As Clouzot began his career in pre-Nazi Germany, working on French adaptations of
popular German films, it is hardly surprising that he should be heavily
influenced by German expressionism, and this is apparent in both
Le Dernier des six and its equally
stylish follow-up, most noticeably in the stark lighting and bold use
of shadows, which contribute much to the atmosphere and tension of
these two enjoyable
films.
Another striking expressionistic touch is the elaborate music hall
dance sequence which includes not only a respectful homage to Busby
Berkeley's famously flamboyant choreography (seen in such films as
42nd
Street and
Gold Diggers of 1933) but also
a shot of a girl in a glass that appears to be a sly nod to Hitchcock's
Champagne
(1928). The latter assumes greater significance when we recall
that Clouzot is now widely regarded as France's answer to Alfred
Hitchcock, through his classic suspense thrillers
Le Salaire de la peur (1953) and
Les
Diaboliques (1955). (It is worth noting
en passant that, like Clouzot,
Hitchcock undertook his apprenticeship in the leading German film
studios and was very much influenced by German expressionism.)

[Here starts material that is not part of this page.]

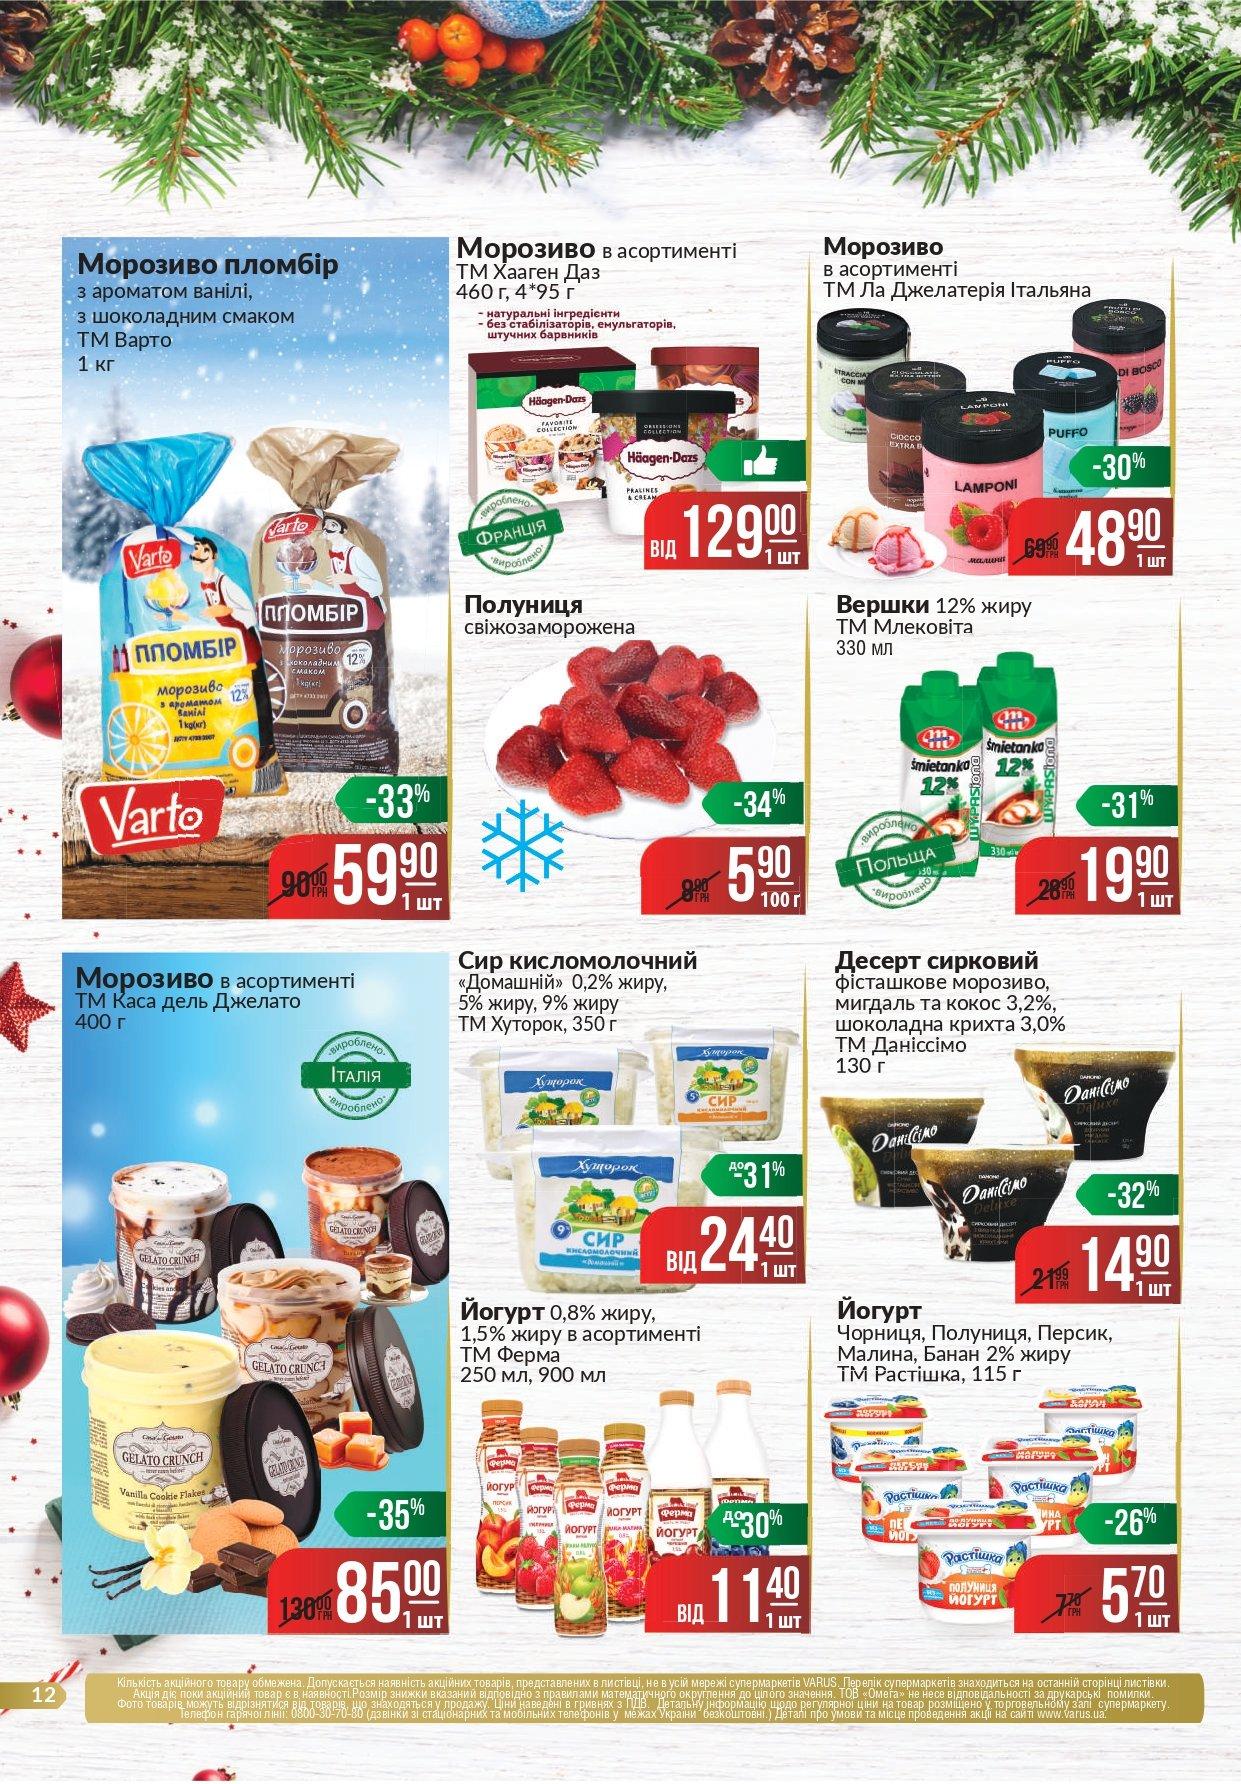 Делаем покупки к Новому Году: какие акции действуют в супермаркетах Днепра, - ЦЕНЫ, фото-41

Continental's star actor Pierre Fresnay was an obvious choice for the
role of the unflappable (but patient) Inspector Wens, and he seems to
be as comfortable in the role as Basil Rathbone was (at coincidentally
the same time, on the other side of the Atlantic) as Sherlock
Holmes. Of course, every cool, cerebrally endowed sleuth must be
partnered with a dim comedic sidekick, and so whilst Rathbone had Nigel
Bruce's inept Dr Watson to contend with, Fresnay was saddled with the
greater hazard of Suzy Delair's wannabe starlet. The chemistry
between the imperturbable Fresnay and volcanic Delair is perfect,
and their characters' abrasive relationship provides ample scope for
lightening the tone of the film without distracting too much from its
central murder mystery strand. (For those who have read Christie's
novel or
seen one of its umpteen screen ripoffs the comedic digressions are the main
attraction, as the killer is all too easily identified.)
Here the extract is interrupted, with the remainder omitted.